YOUR ASSIGNMENT
An exact copy of all the data is required, with pictures left out.

DATA EXTRACT

+ + + +

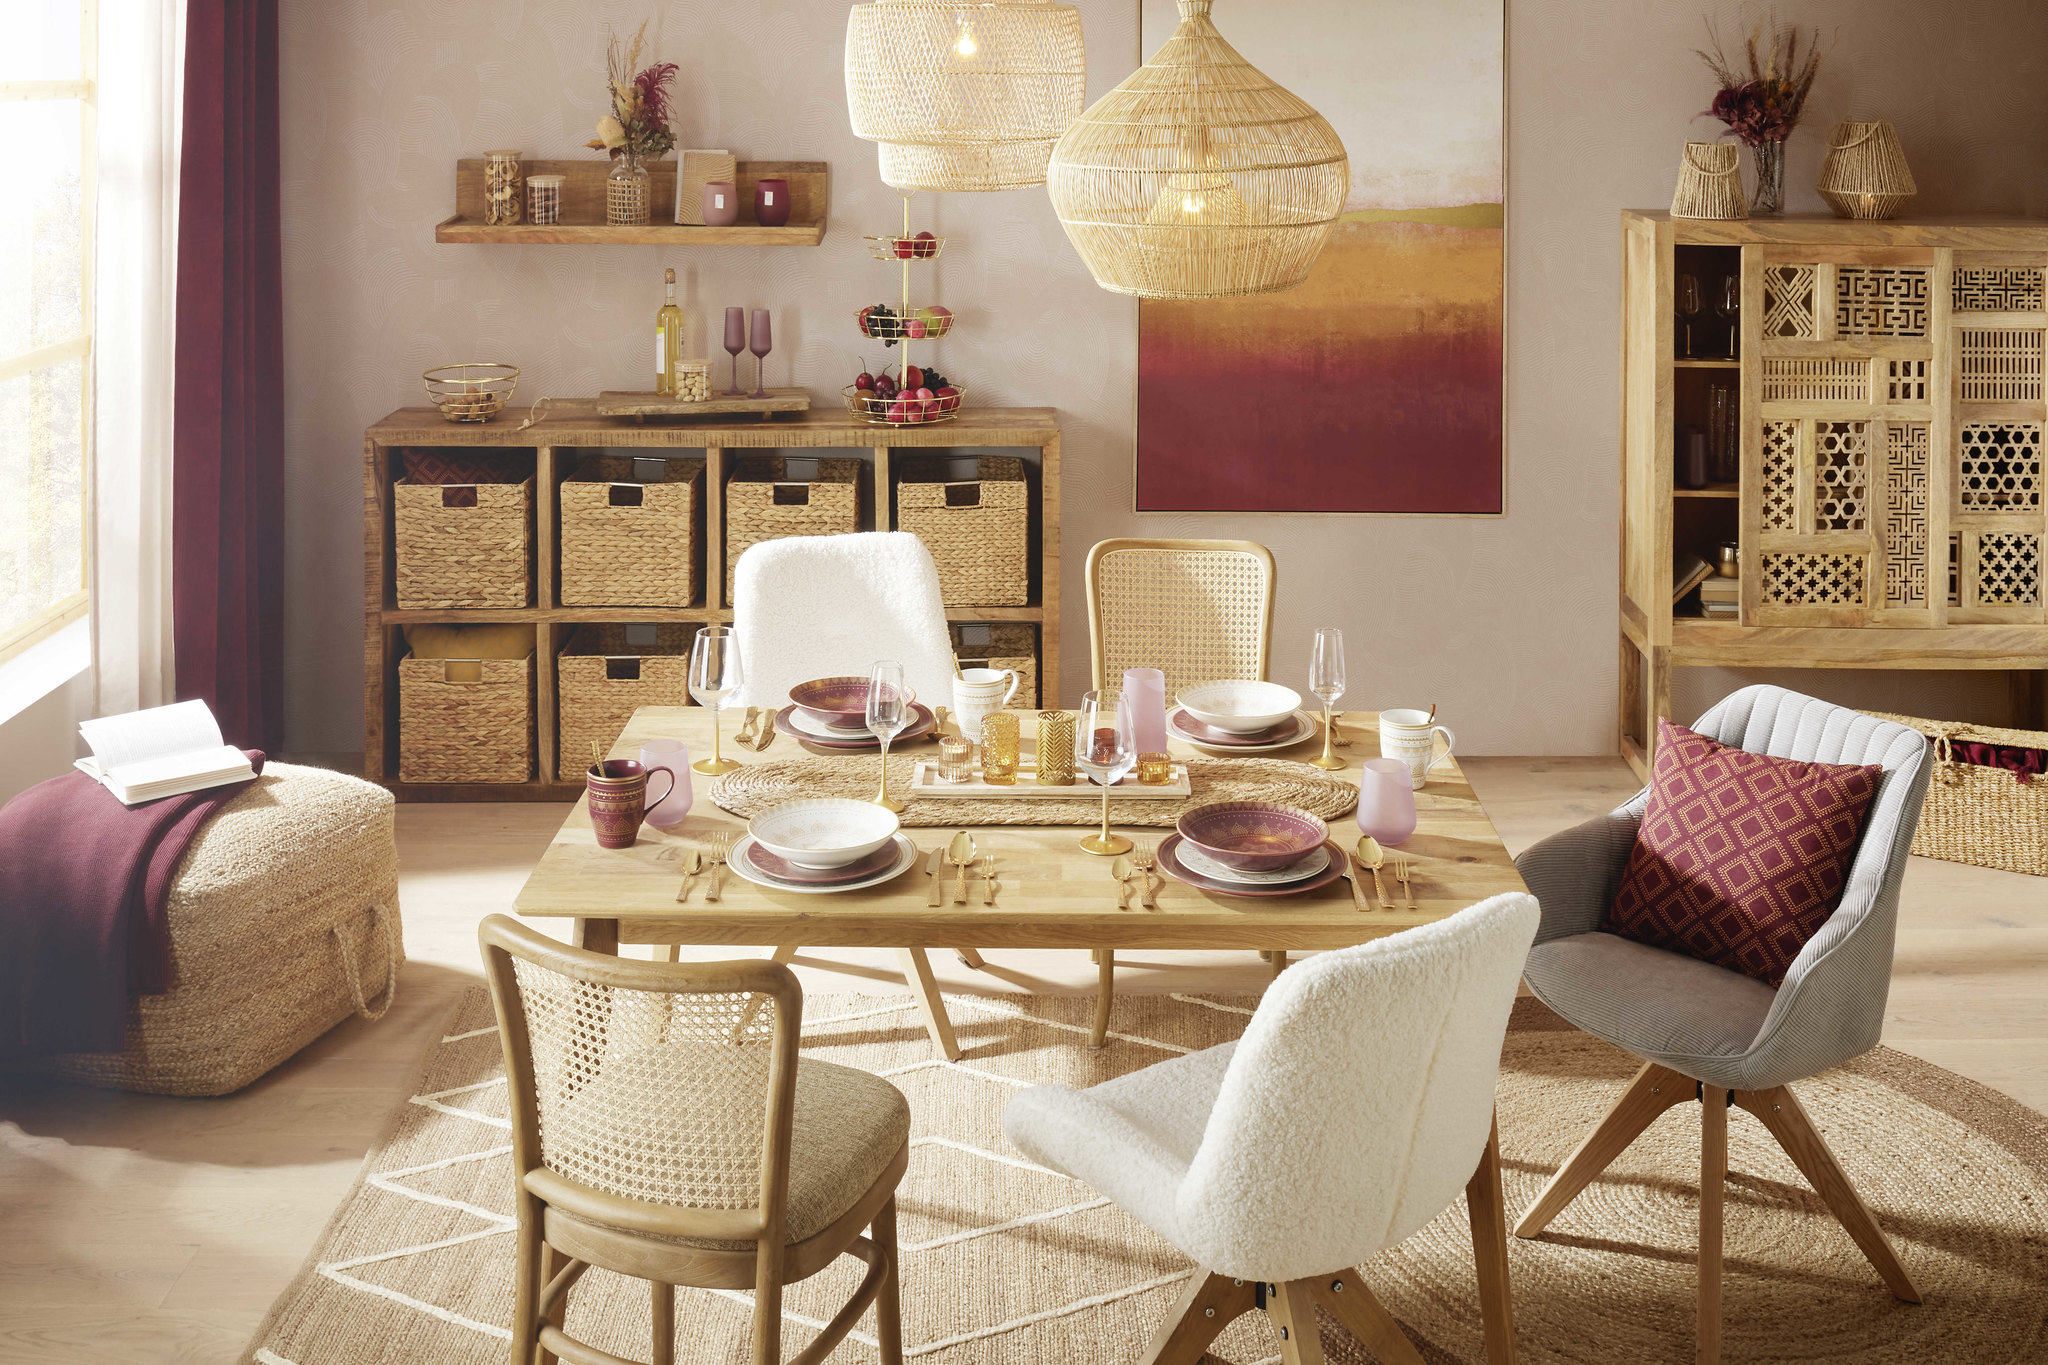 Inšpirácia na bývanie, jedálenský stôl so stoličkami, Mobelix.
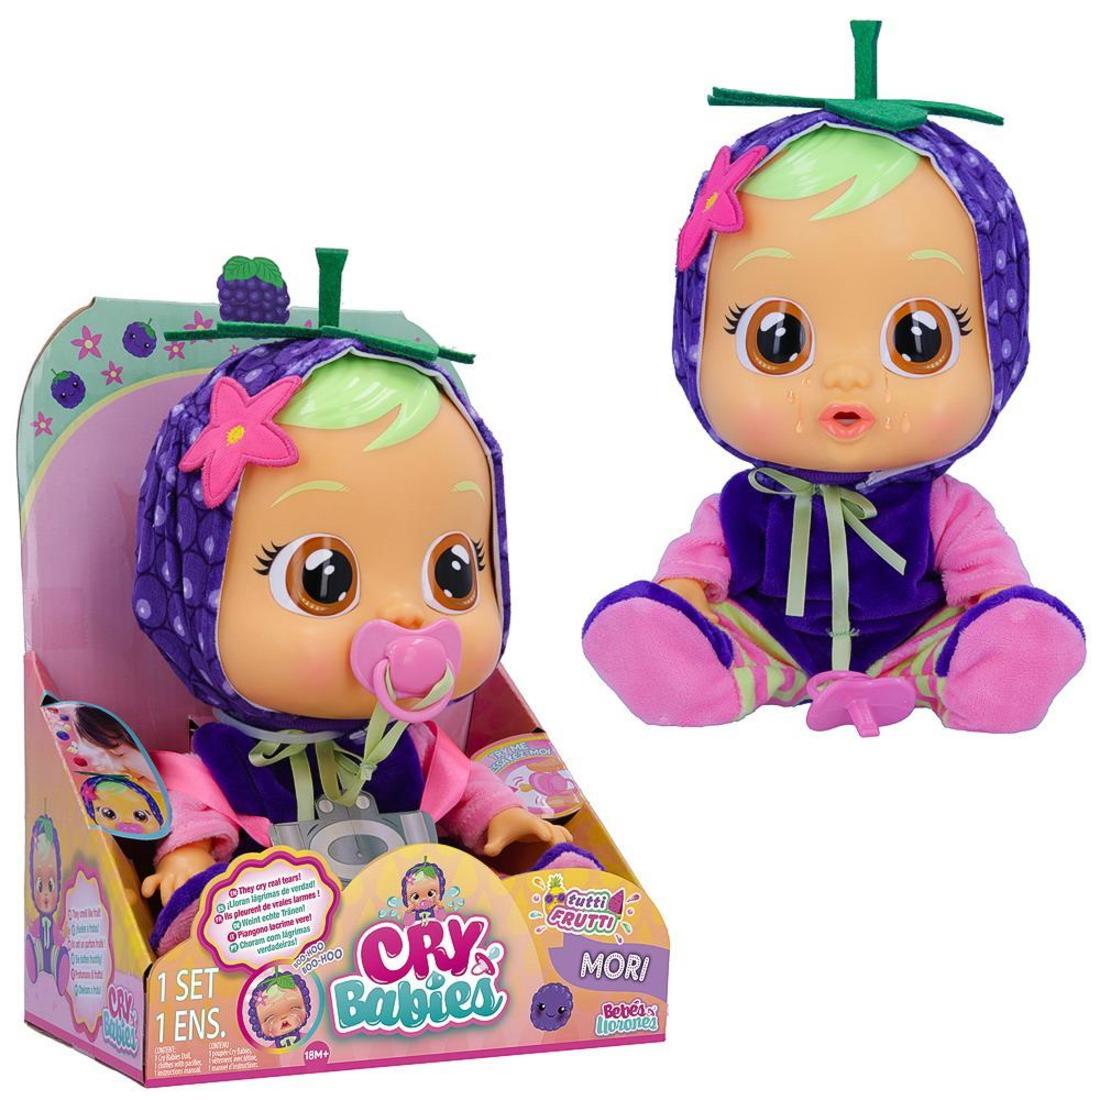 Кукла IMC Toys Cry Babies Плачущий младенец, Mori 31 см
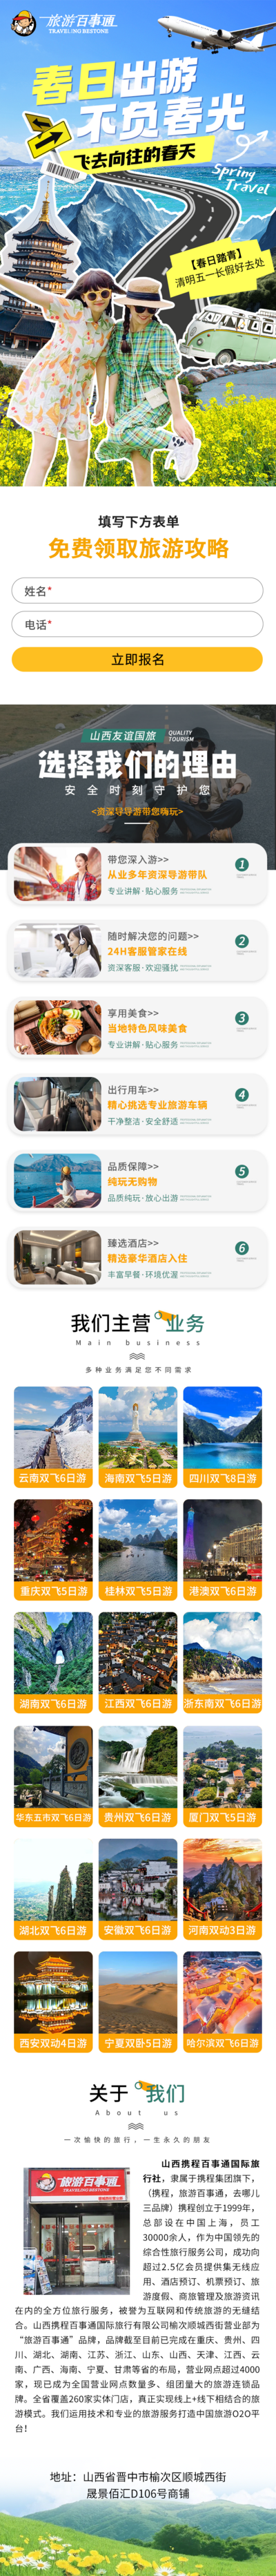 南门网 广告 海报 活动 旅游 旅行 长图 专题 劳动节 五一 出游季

+ + + +

ANSWER TO THIS EXERCISE
 Inšpirácia na bývanie, jedálenský stôl so stoličkami, Mobelix.
 Кукла IMC Toys Cry Babies Плачущий младенец, Mori 31 см
 南门网 广告 海报 活动 旅游 旅行 长图 专题 劳动节 五一 出游季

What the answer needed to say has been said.